**EXERCISE DATA:**

###

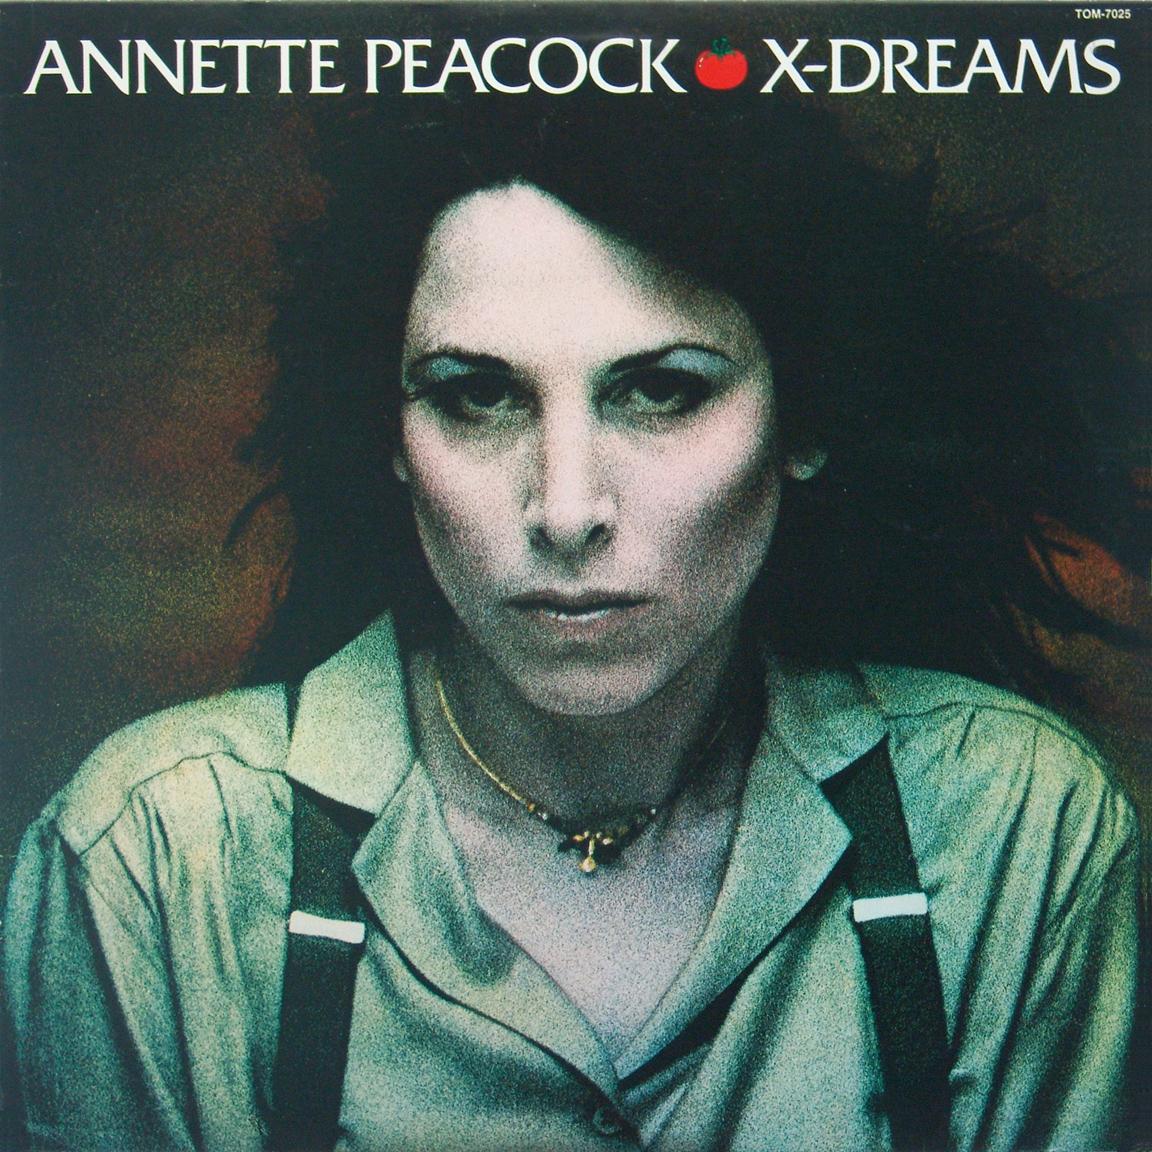 Annette Peacock — X-Dreams
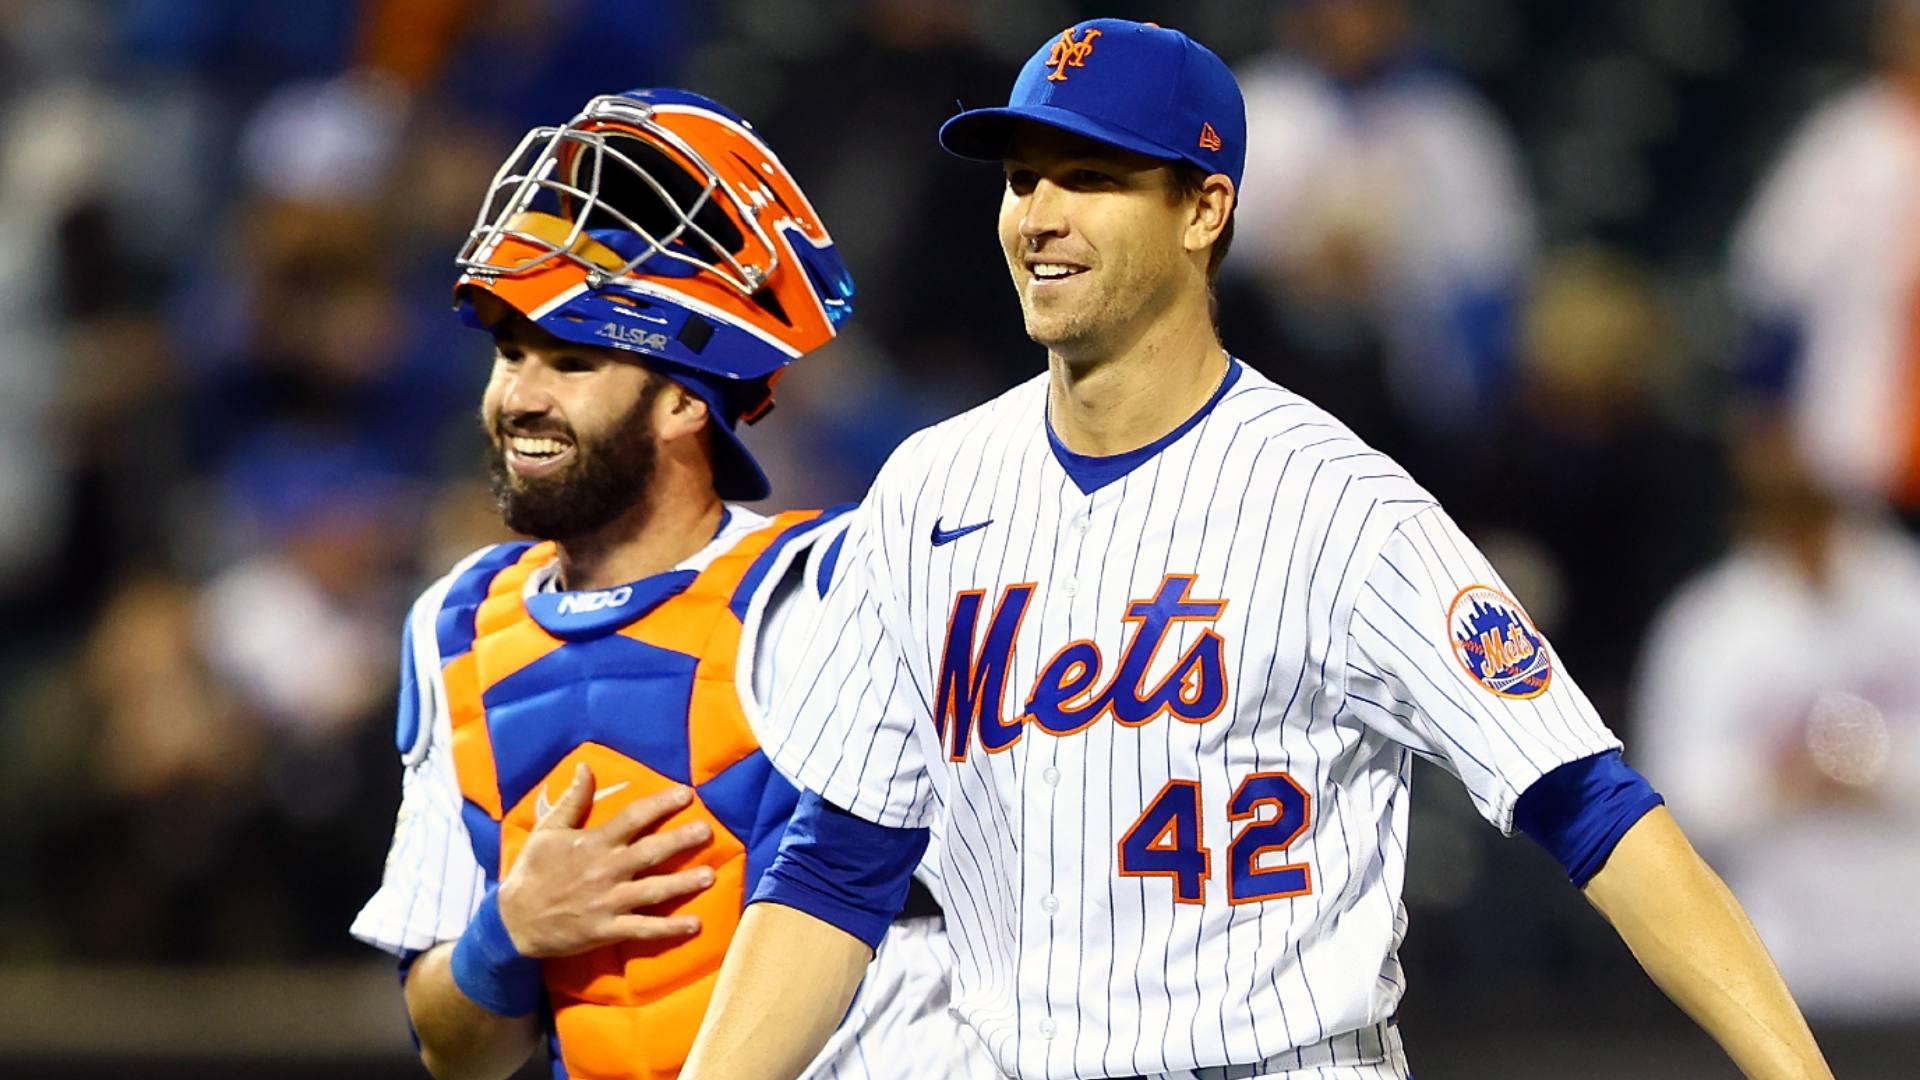 Umps check under Jacob deGrom's belt for sticky substance under new MLB rule
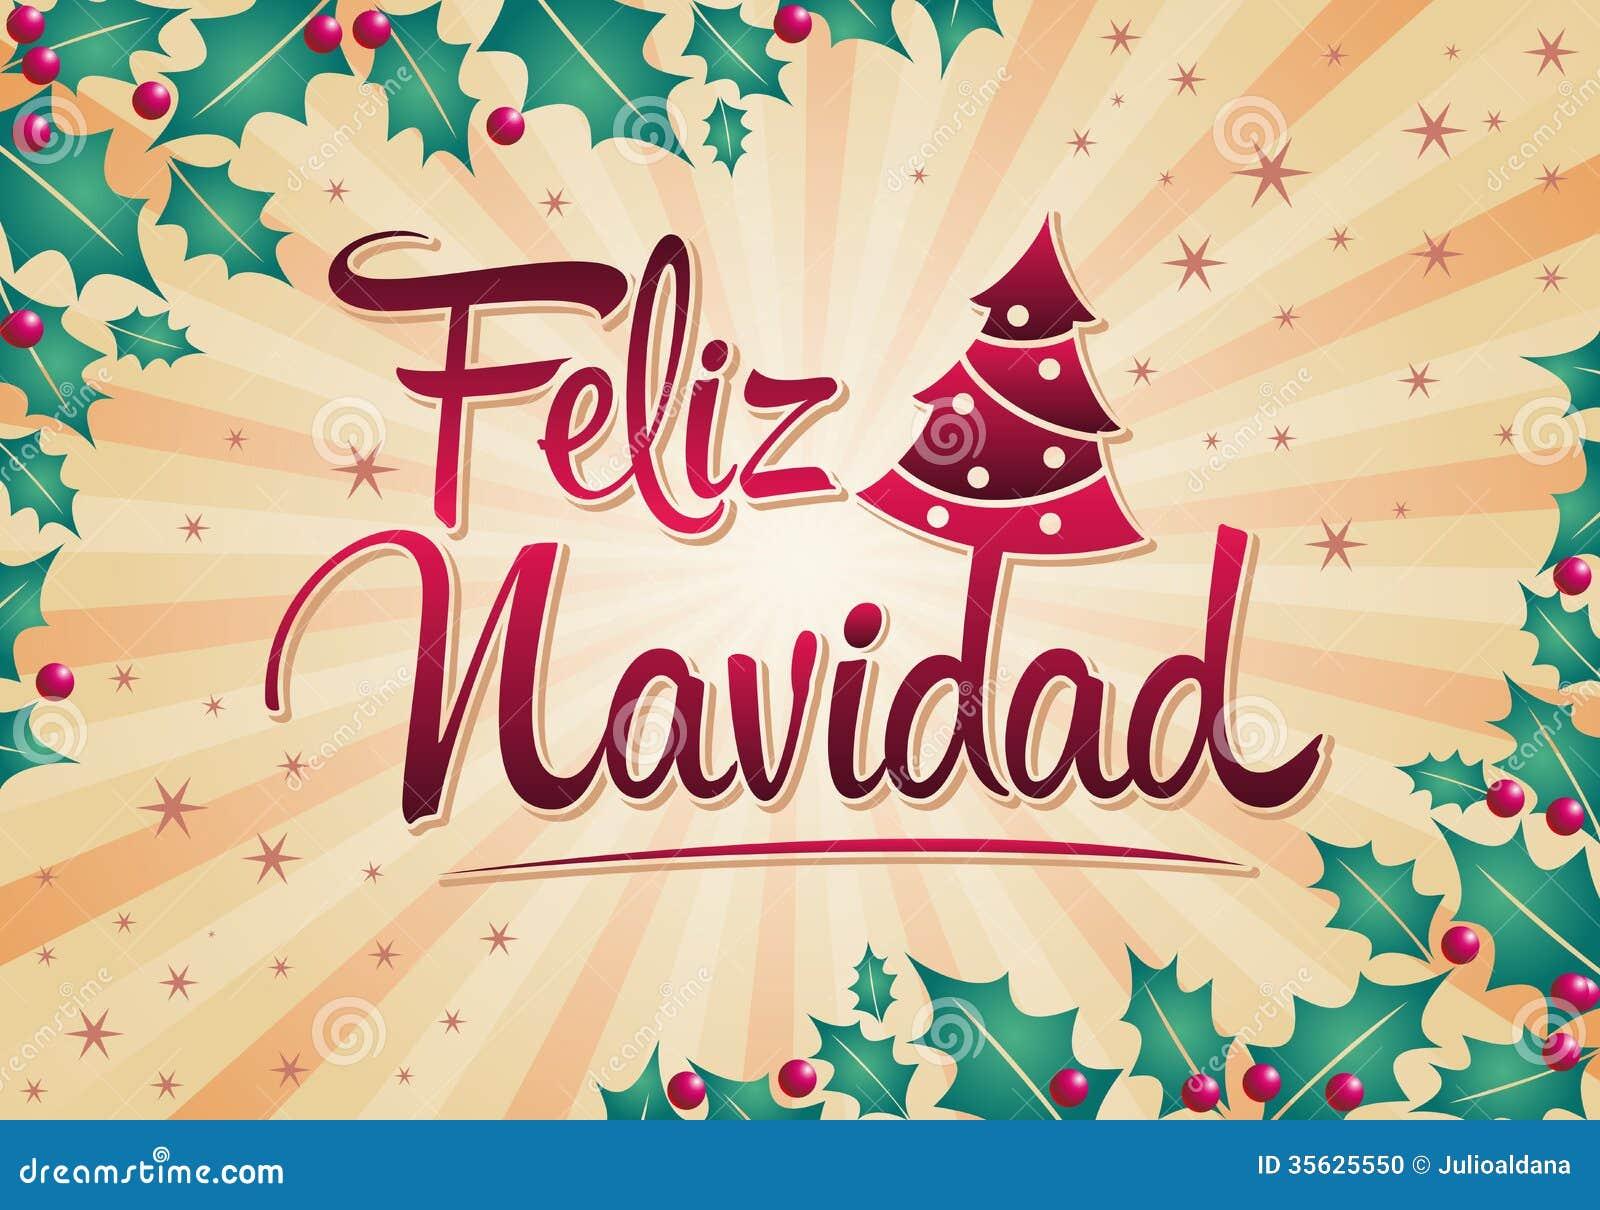 Feliz navidad stock photo image of happy calligraphic 35625550 feliz navidad kristyandbryce Images

###

**TASK INSTRUCTIONS:** Could you retype each line of the material above exactly, skipping the pictures?

**TASK SOLUTION:**
 Annette Peacock — X-Dreams
 Umps check under Jacob deGrom's belt for sticky substance under new MLB rule
 Feliz navidad stock photo image of happy calligraphic 35625550 feliz navidad kristyandbryce Images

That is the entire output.